__Work instructions__
The answer must restate the listing word for word, without its images.
---------- Information supplied
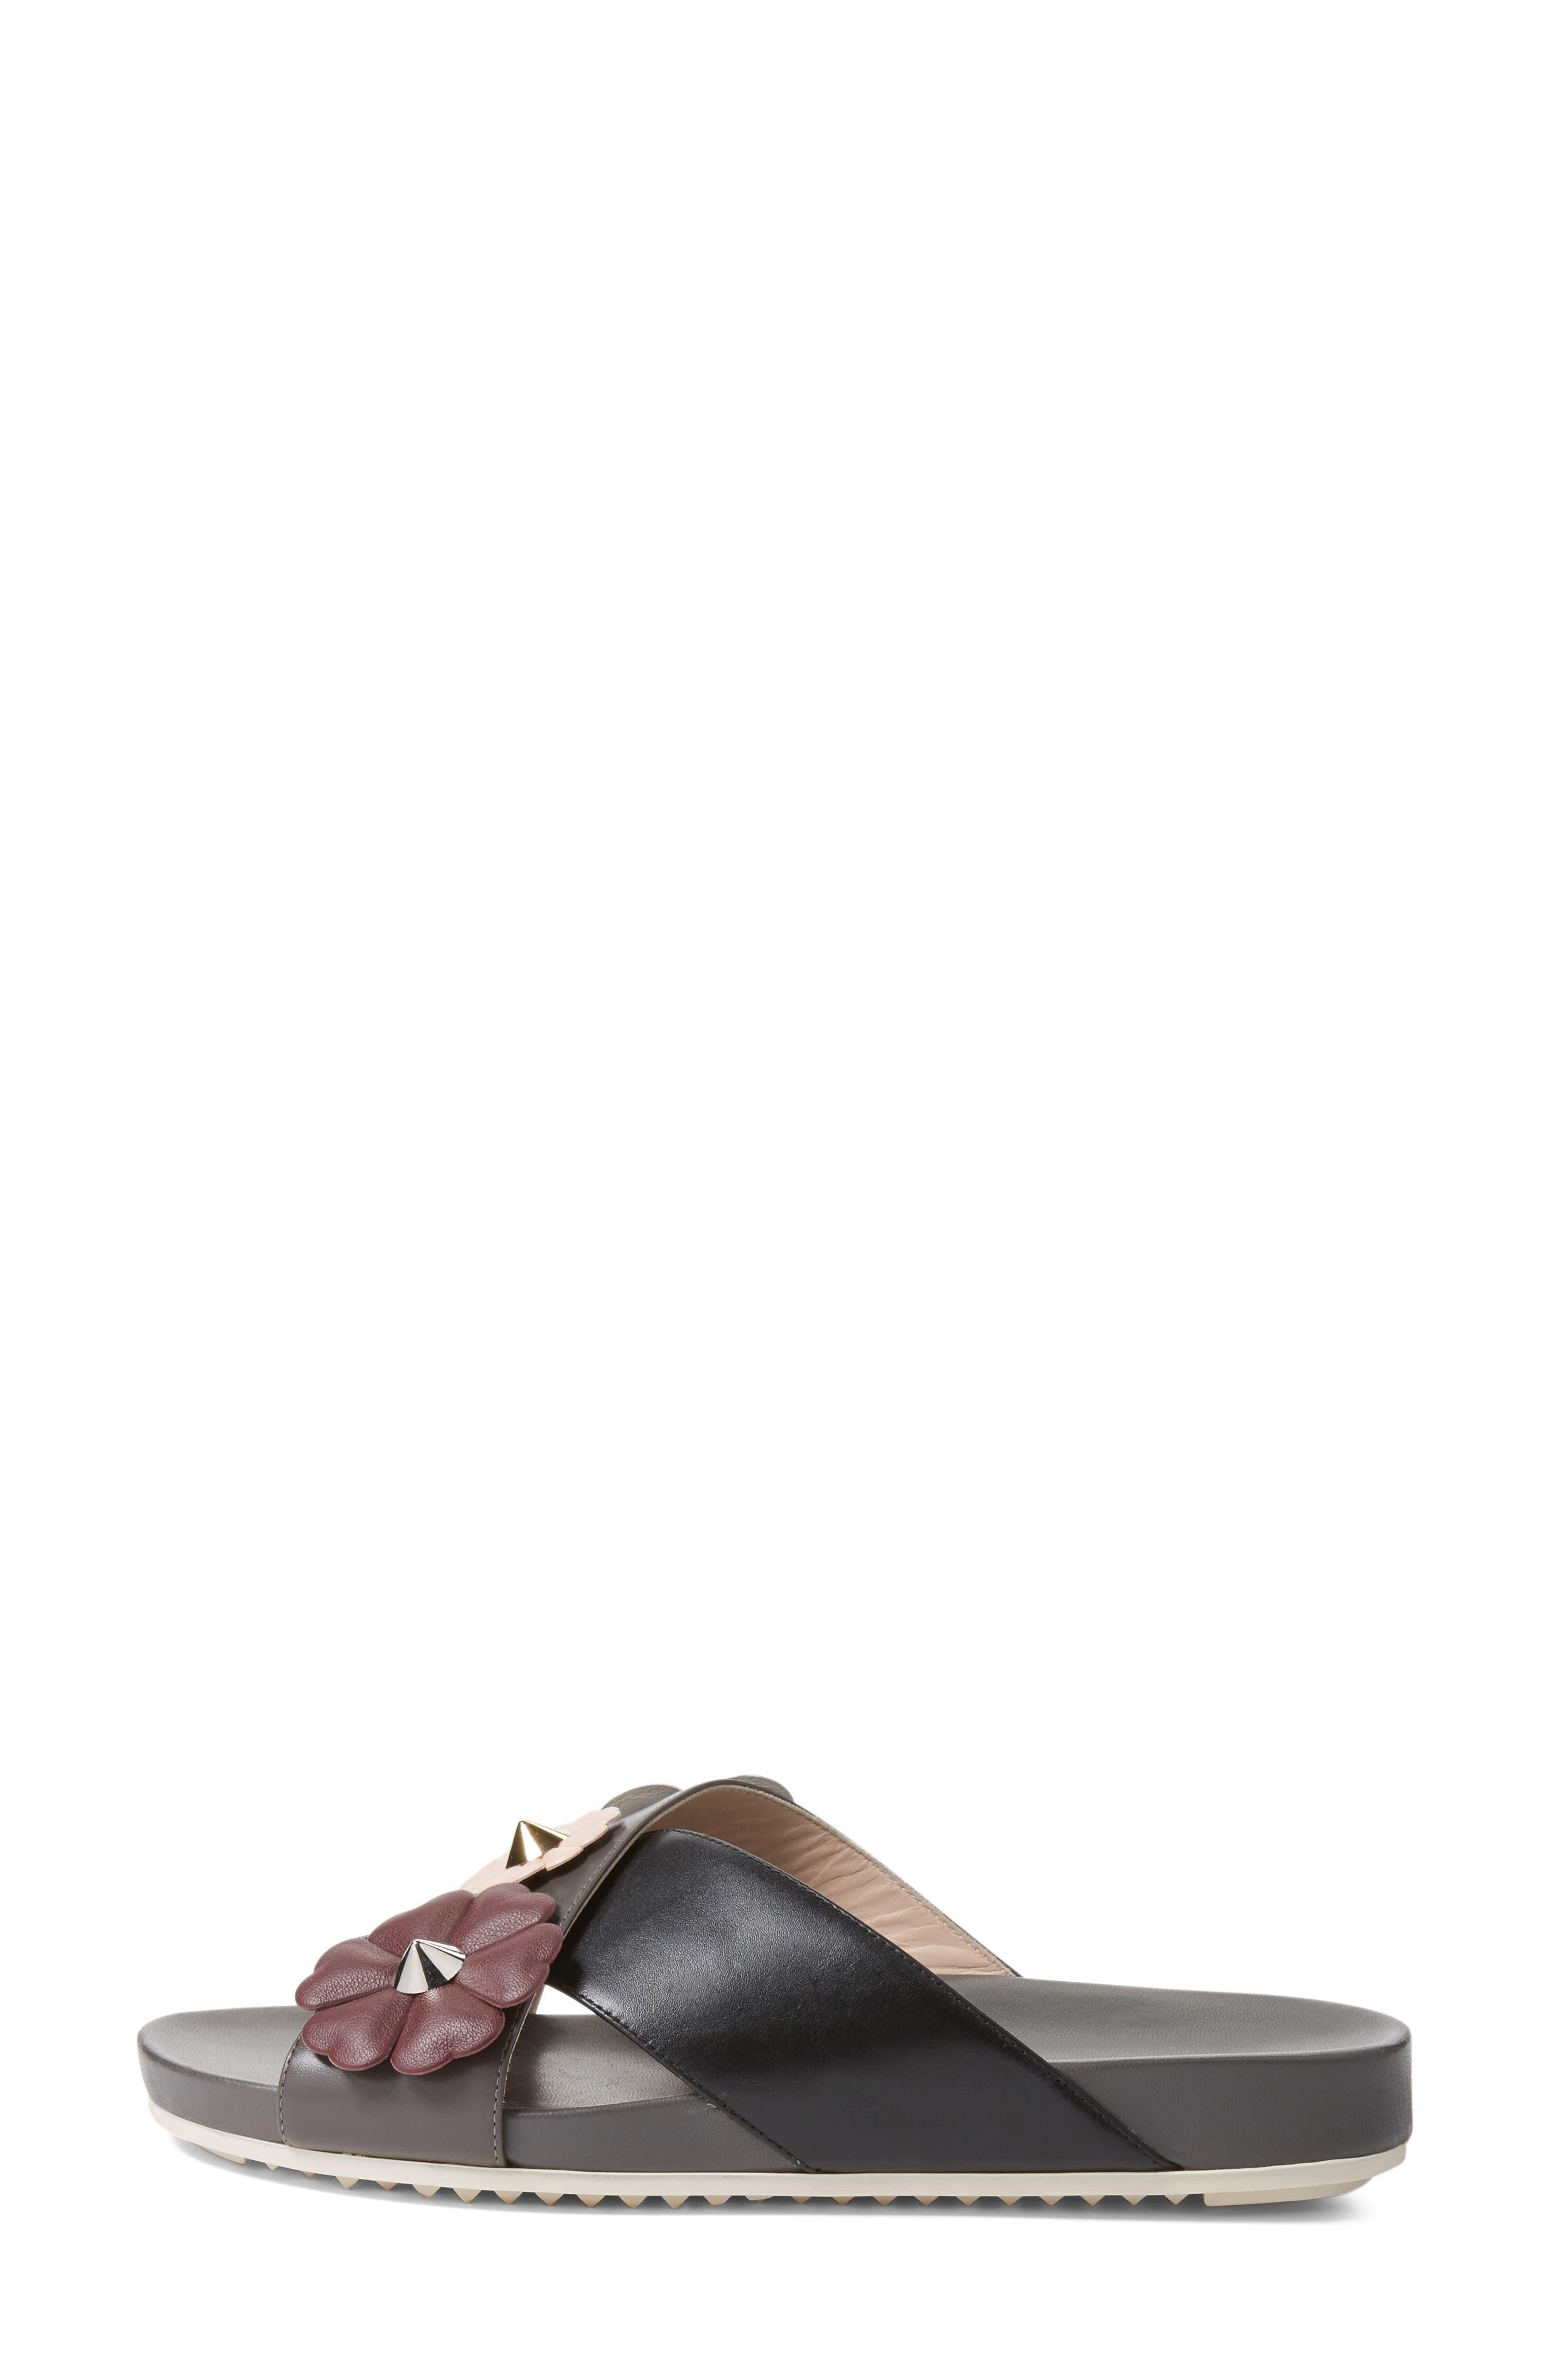 Flowerland Slide Sandal,                             Alternate thumbnail 3, color,                             Black/ Purple
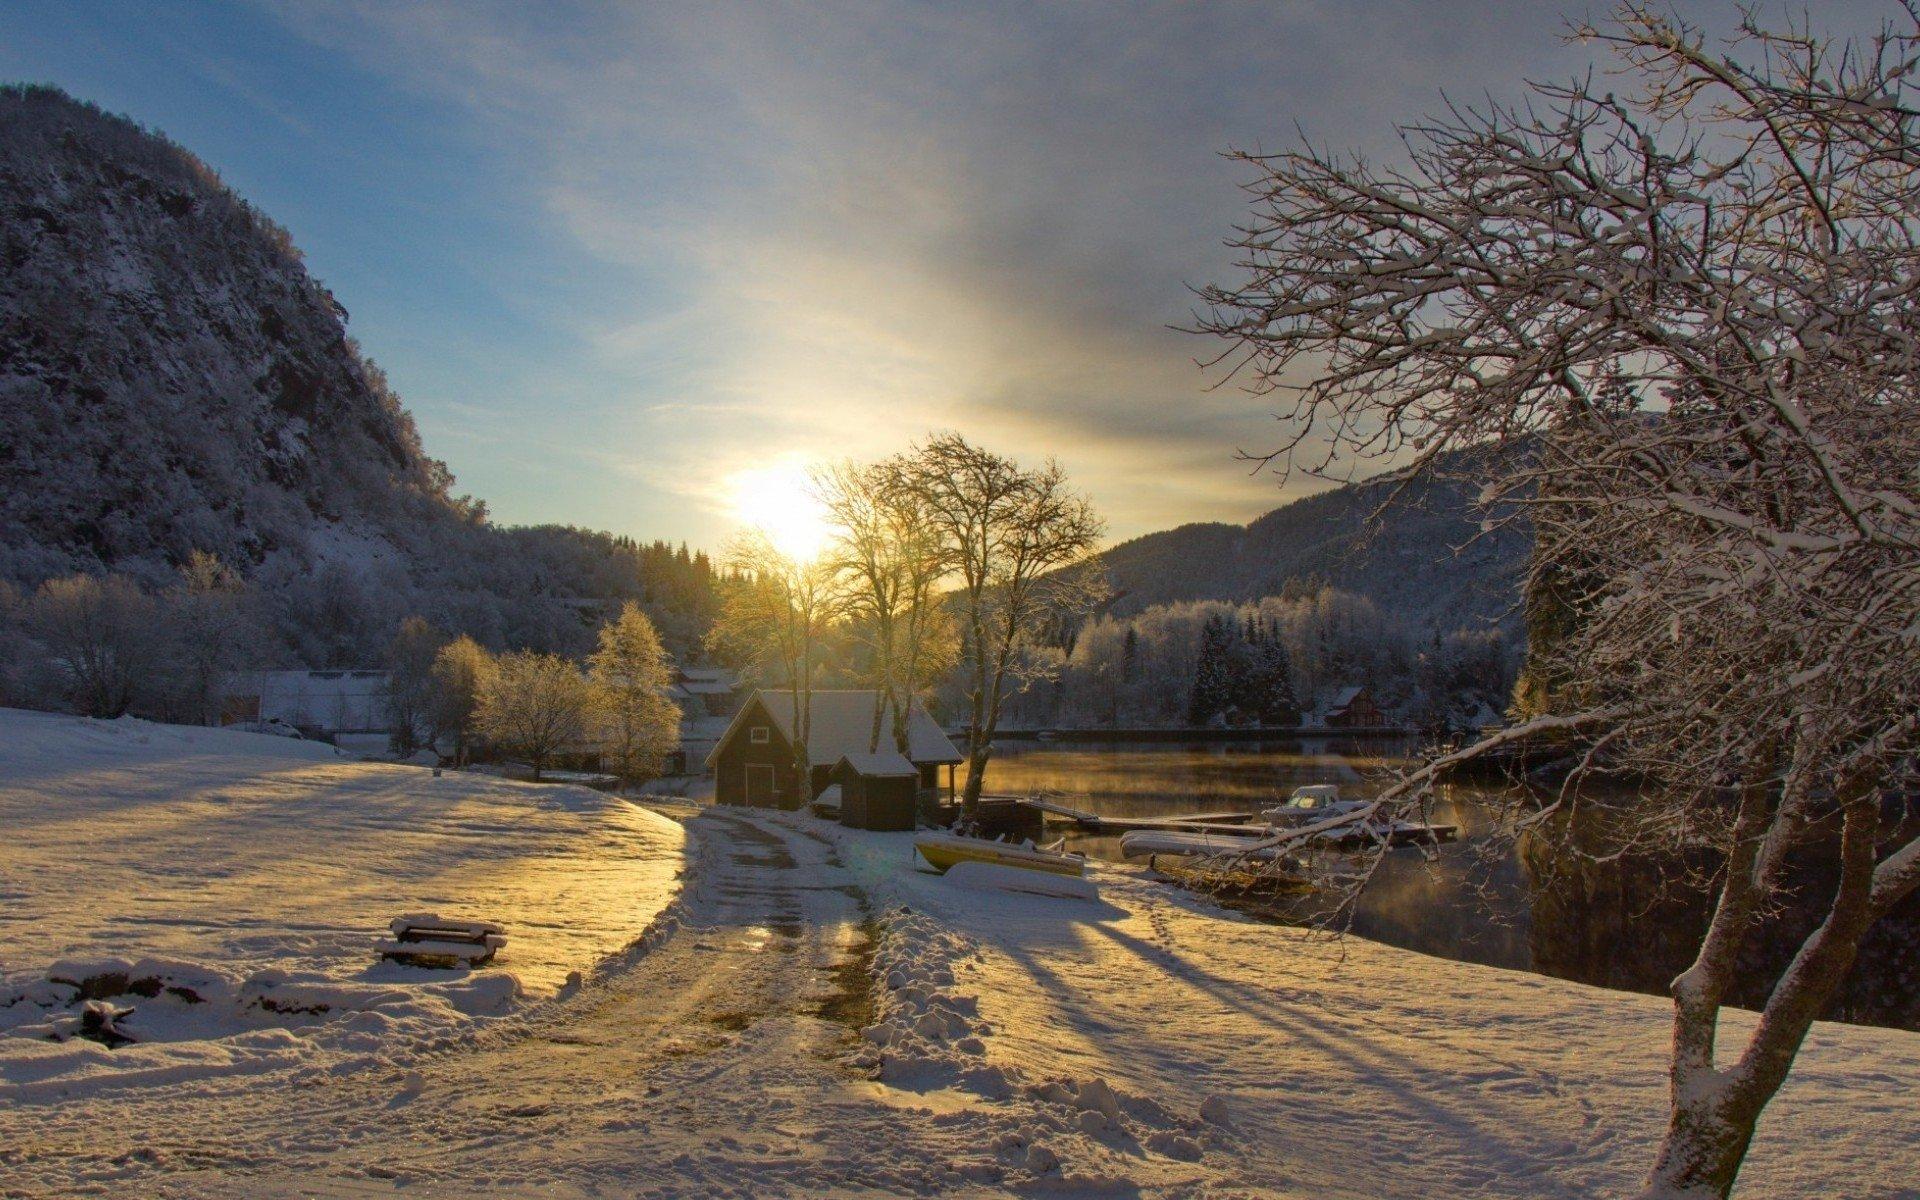 Haus am see wallpaper  Winter Full HD Wallpaper and Hintergrund | 1920x1200 | ID:545527
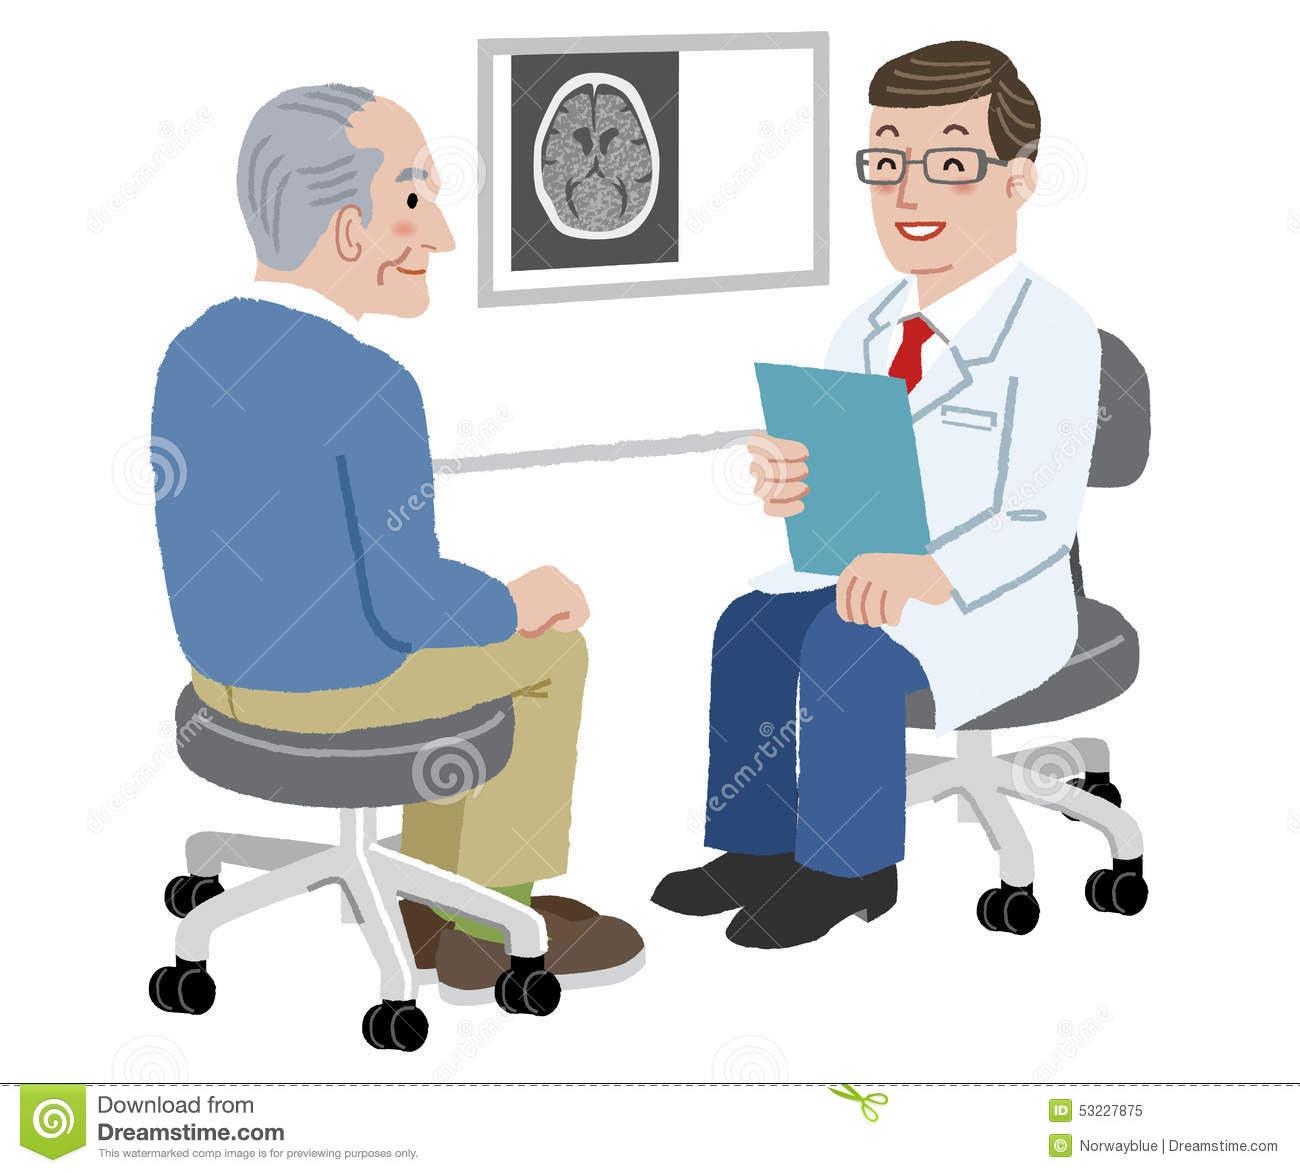 Doctor patient communication clipart 10 » Clipart Station.
--------------------
__Result__
 Flowerland Slide Sandal,                             Alternate thumbnail 3, color,                             Black/ Purple
 Haus am see wallpaper  Winter Full HD Wallpaper and Hintergrund | 1920x1200 | ID:545527
 Doctor patient communication clipart 10 » Clipart Station.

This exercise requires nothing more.